L’album regroupe six histoires se déroulant toutes en Amérique Latine, de 1916 à 1917. Tour à tour chasseur de trésors, allié de la marine britannique en guerre, ou des « cangaceiros » du nord du Brésil luttant contre les grands propriétaires terriens, Corto trace sa route en solitaire.
Pratt dévoile sa passion pour l’ésotérisme et la magie. Il nous initie aux cultes afro-américains, le vaudou de Haïti, la santeria de Cuba ou le candomblé du Brésil, puis lance Corto sur les traces de la mythique cité de Mû, une quête qui ne trouvera sa résolution que vingt années plus tard dans l’album du même nom.
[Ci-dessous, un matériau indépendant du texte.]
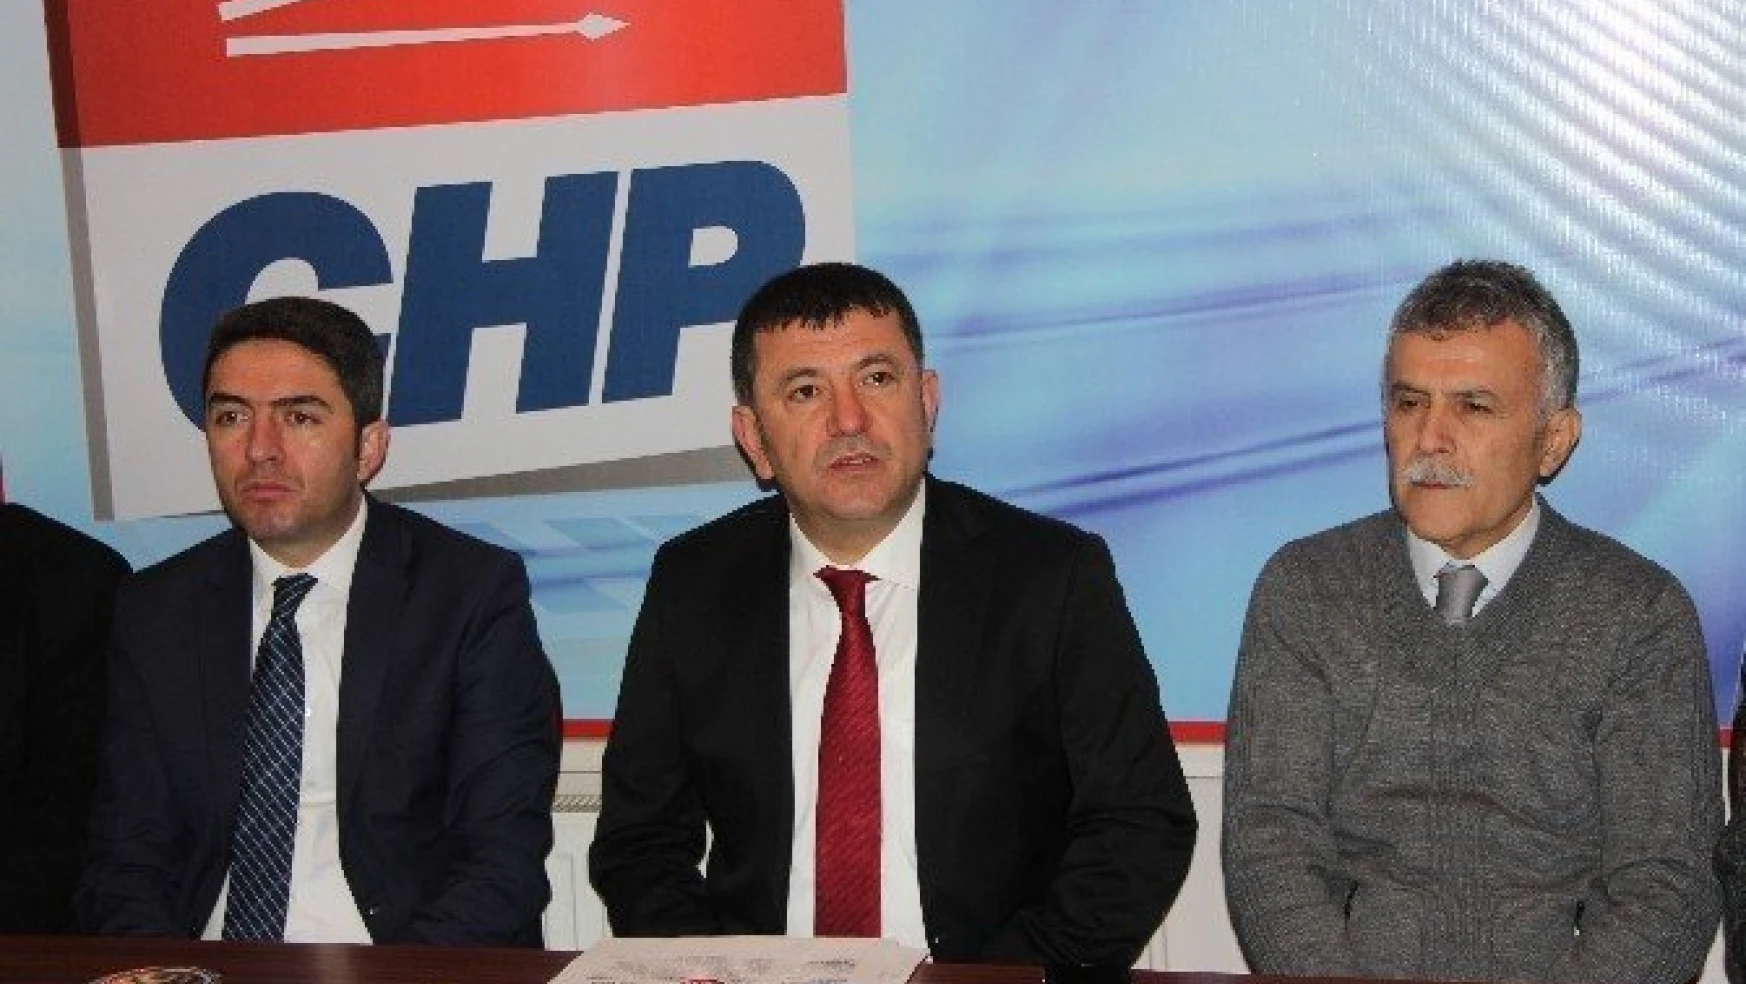 CHP Anayasa Mahkemesi'ne başvuracak
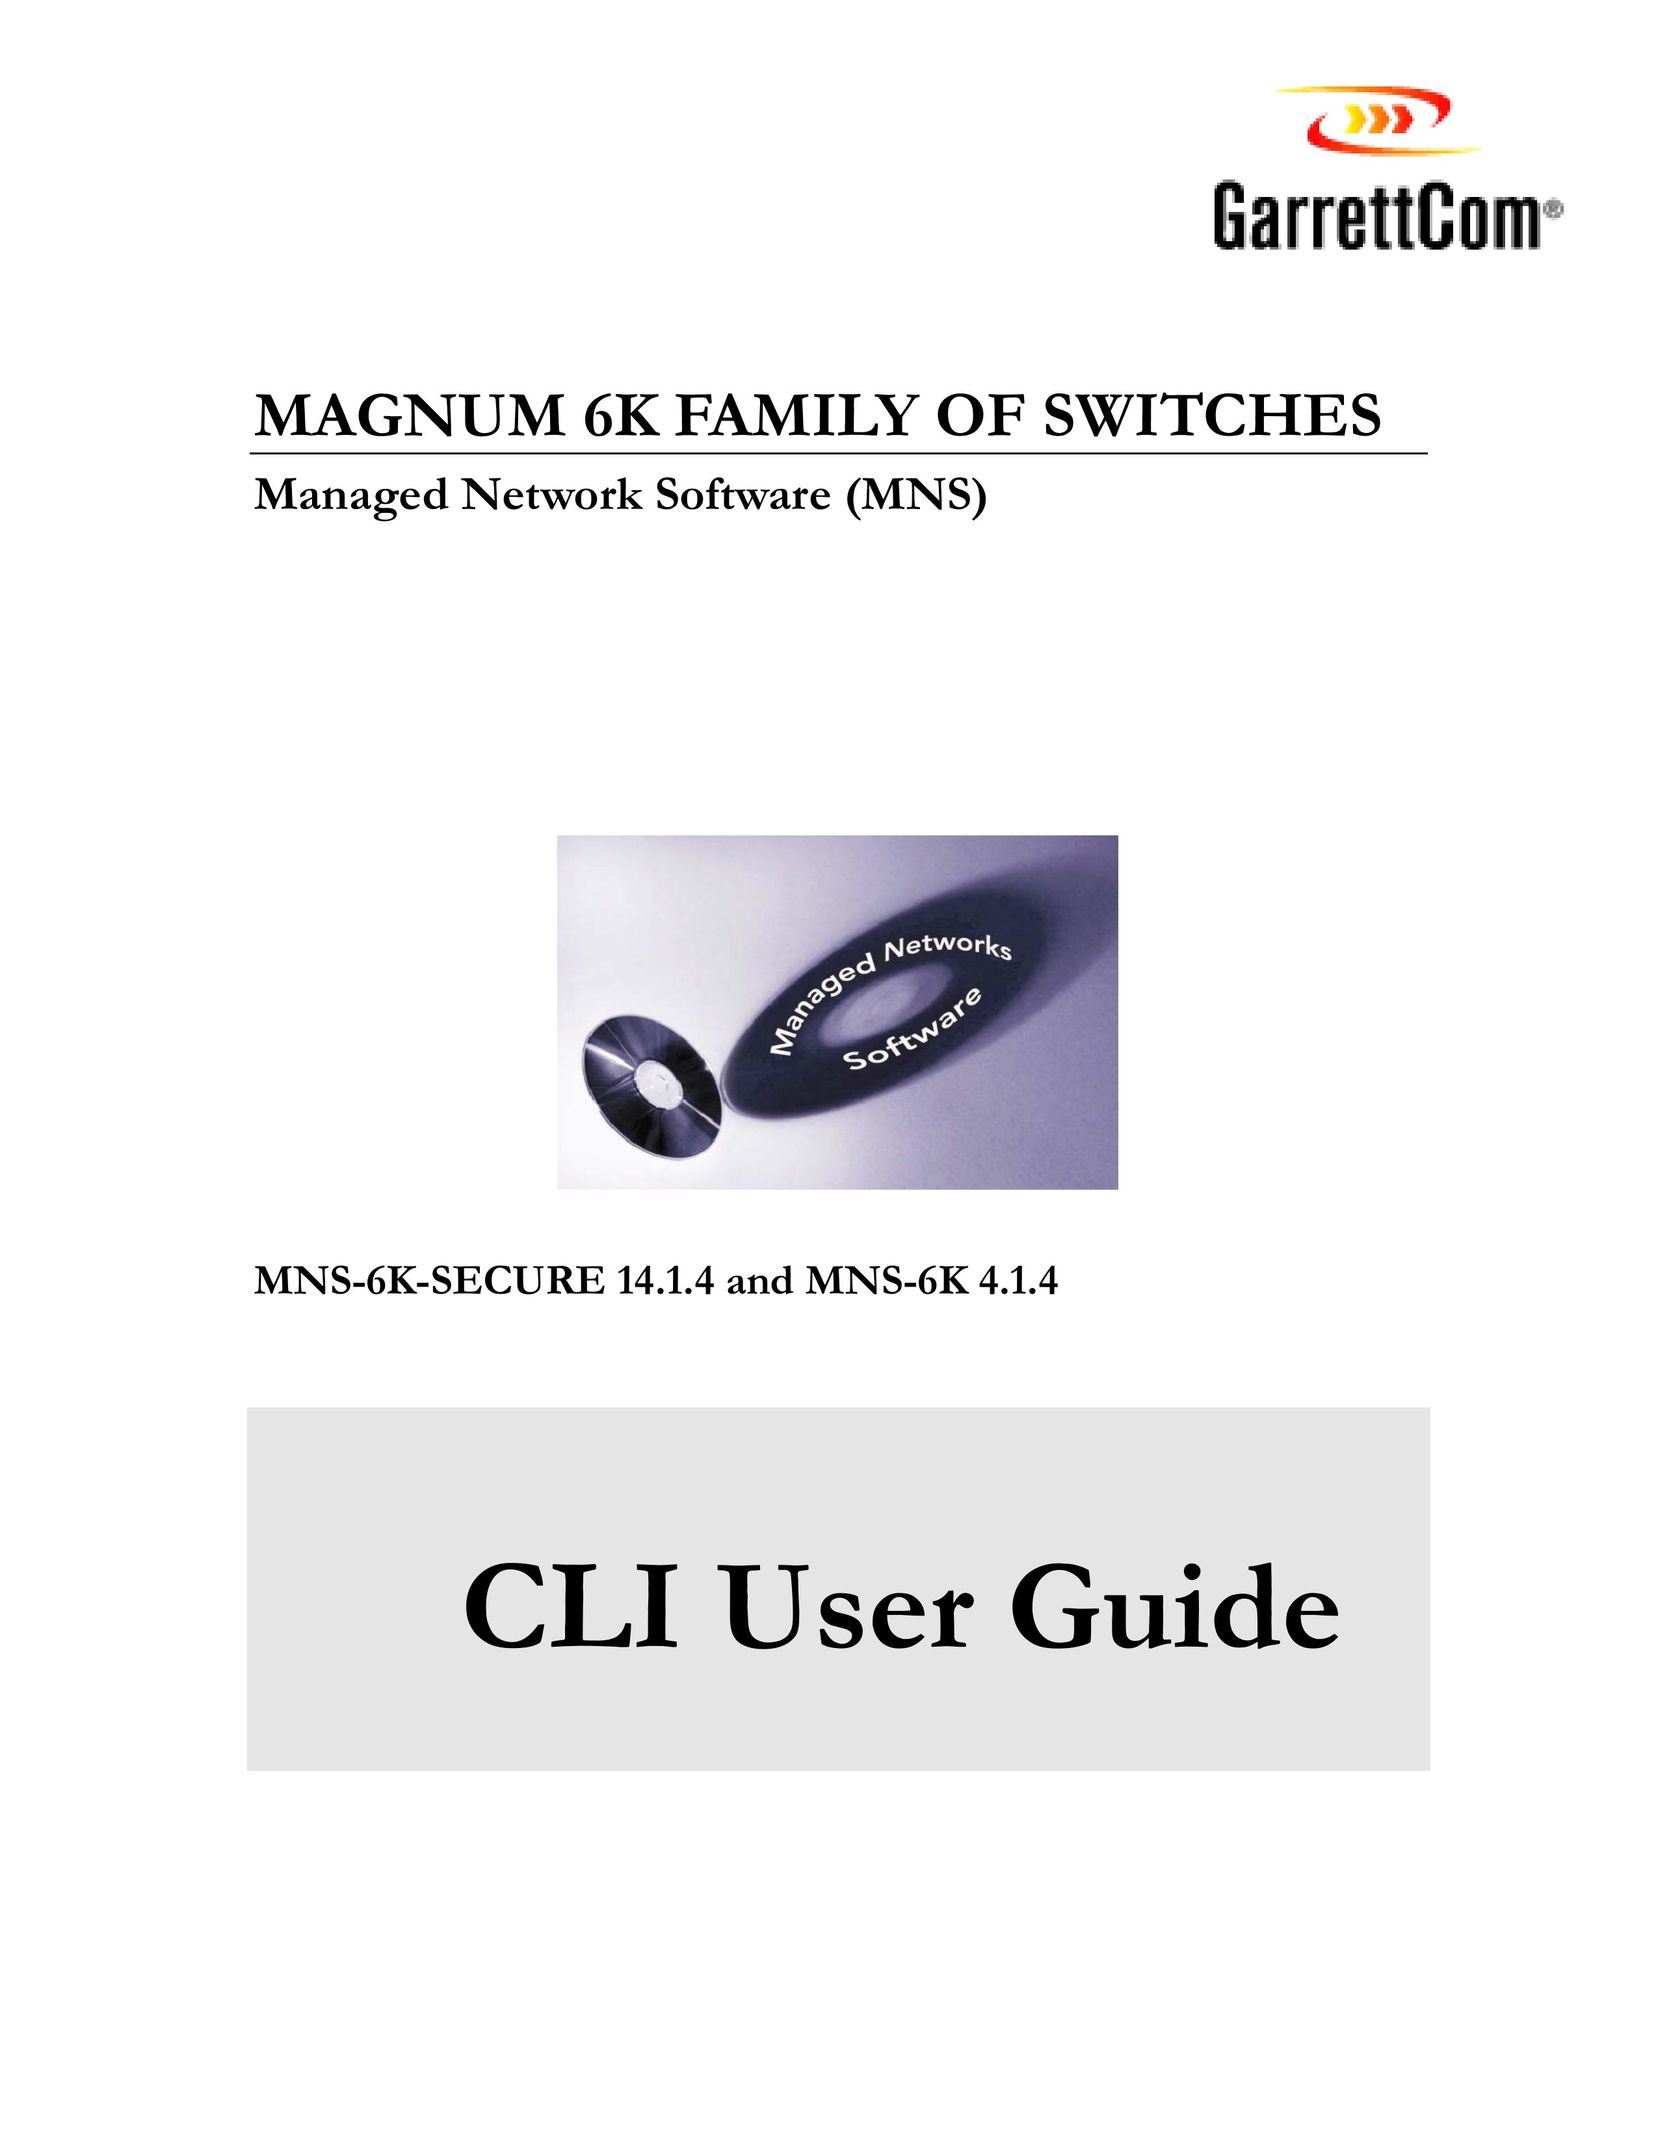 GarrettCom MNS-6K-SECURE 14.1.4 Switch User Manual

Autant le dessin de La Ballade de la Mer Salée était fluctuant, autant celui de ce second volume atteint une première maturité : le visage et la silhouette de Corto se stabilisent. Corto est souple, longiligne et d’une formidable désinvolture. S’il ne s’attarde guère sur les décors et son dessin contient encore trop de hachures, Pratt livre de très belle scènes marines et, surtout, le beau Corto fascine une première génération de lecteurs.
Le personnage s’affirme. Libéré de la tutelle du Moine, il est un homme libre de toutes attaches, nationalistes ou affectives. « Je pense que les femmes seraient merveilleuses si tu pouvais tomber dans leurs bras sans tomber entre leurs mains. » Oubliez le pirate sanguinaire, Corto est un aventurier mélancolique et ironique qui choisit, désormais, ses combats. Un héros bavard, mais tout en retenue, qui subit ou suscite, par sa seule présence, l’événement, plus qu’il ne le provoque. Faussement cynique, il cache une âme généreuse, même s’il n’hésite pas à écraser une cigarette sur le visage d’une brute ou à tricher aux cartes. Enfin, Corto a le culte de l’amitié, il se lie au vieux Steiner, à Bouche Dorée et au dangereux Raspoutine : nous les retrouverons…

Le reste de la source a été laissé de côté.